12.15.2008

Eliza Fernbach: Rushing to Your Death?



In 2001 at an empty French airport I was shoved aside by a harried "fonctionnaire". Searching the vast space around me for some potential hazard, I found nothing apparently dangerous and I wondered why, given the room available, this person needed to shove me.

On one of the highways that lead into the great rushing metropolis of New York I wonder in much the same way as cars speed past narrowly missing each others' bumpers, sides and spewing smoke from their neglected engines.

At the airport my knee-jerk response was to cry out "Rushing to Your Death?" The man stepped onto the escalator at that moment and stood quite still staring at me as the moving stairs smoothly carried him aloft. It was a moving pause. The question is now embedded in my psyche and my work, I have been posing it by way of various media ever since. Pascal suggested we stop and reflect- every artist is in some way dedicated to precipitating this full stop.

So to the Pharmakon...and rushing, I suppose, to your death or to anything. Christina invited me to ponder this intriguing duality when we met at the Book Arts Fair in New York this Fall and talked about illness and velocity. I'm not sure a billboard, a question or even speed itself have duality but Kevin's references to skepticism and enchantment struck me as very apt lens' through which to look at the potentially fatal nature of speed and at the same time the exhilarating super-heroic possibility of eternity that supersonic nay even super-galactic speed suggests.

Until now there was no upside to speeding for me. It is dangerous, it burns more gas and it blurs vivid color into dull greyness. But in the world of Superman and since he's been in the news Batman too- speed actually allows for time travel. More so for Superman who can really go back in time and well, isn't that the most enchanting way of imagining REALLY slowing down? Slowing so much you can actually re-do something...And so, if you don't speed you may get a little closer to Superman by not HAVING to re-do anything because you did it slowly enough to get it as right as it needs to be.

The only time I have seen speed enchantingly benefit anyone was when it was combined with precision. A tap dancer navigated a contemplative labyrinth I had set up and I was amazed at how he maximized his passage and his experience of the journey. Perhaps that is why speed has doses on the highway. It is poison at one point and er, shall I say useful if not healing at another.

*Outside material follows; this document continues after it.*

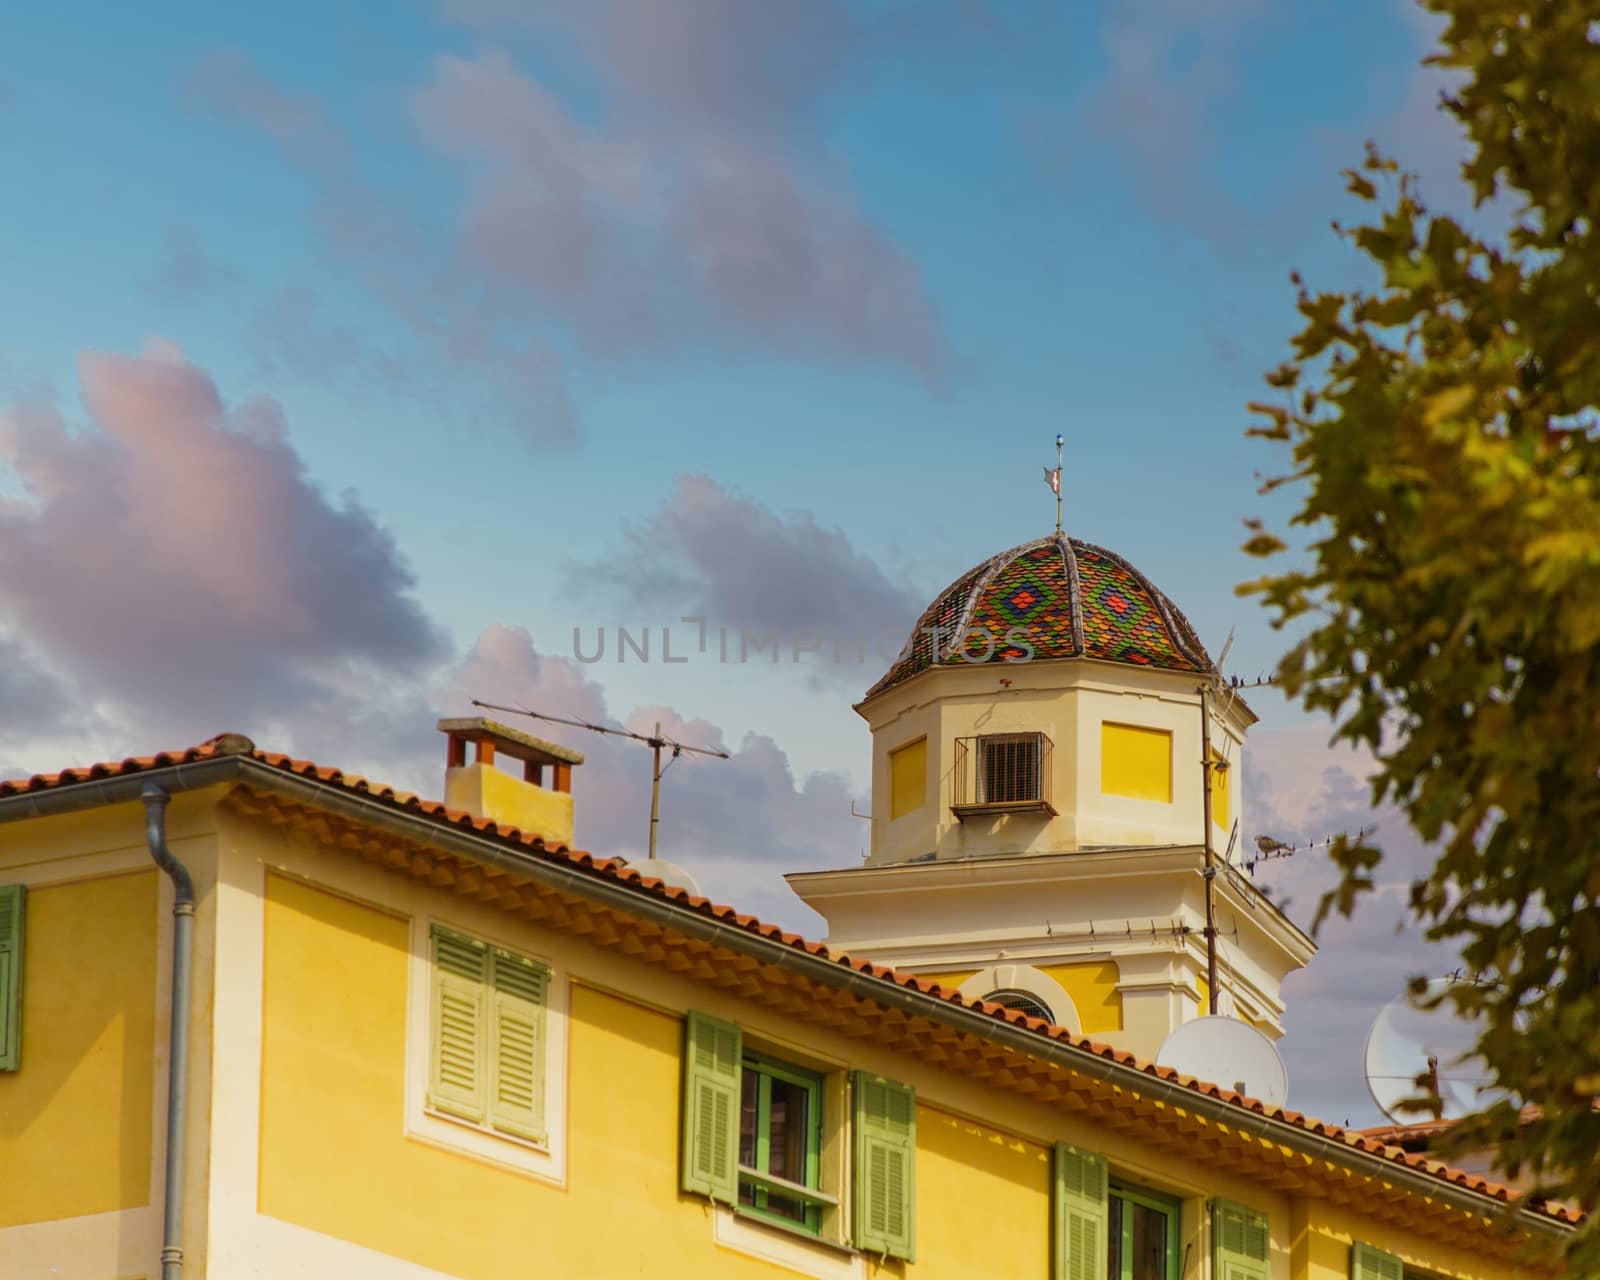 Design of Colorful Rooftiles on Cupola on Yellow Building

There's something in Jacques Prévert's quip about the passage of time that touches this duality of velocity..." Time,you say that it passes just as it stops to sit down and watch you go by."

So is the billboard a sort of pharmakon? I'm not sure. It certainly made some people irate enough to submit poisoned reactions in the comment section of the accompanying website and inspired others to enchanting, maybe even healing epiphanies which they graciously shared with me too.

I suffered pretty rugged symptoms with chemical and environmental sensitivity myself and found the use of antigens successful in healing my broken immune system. As a result I am no longer a skeptic about the importance of moderation and the idea albeit more and more a fairytale that there is "Just enough, just exactly enough of something" and finding it can be a real joy ride.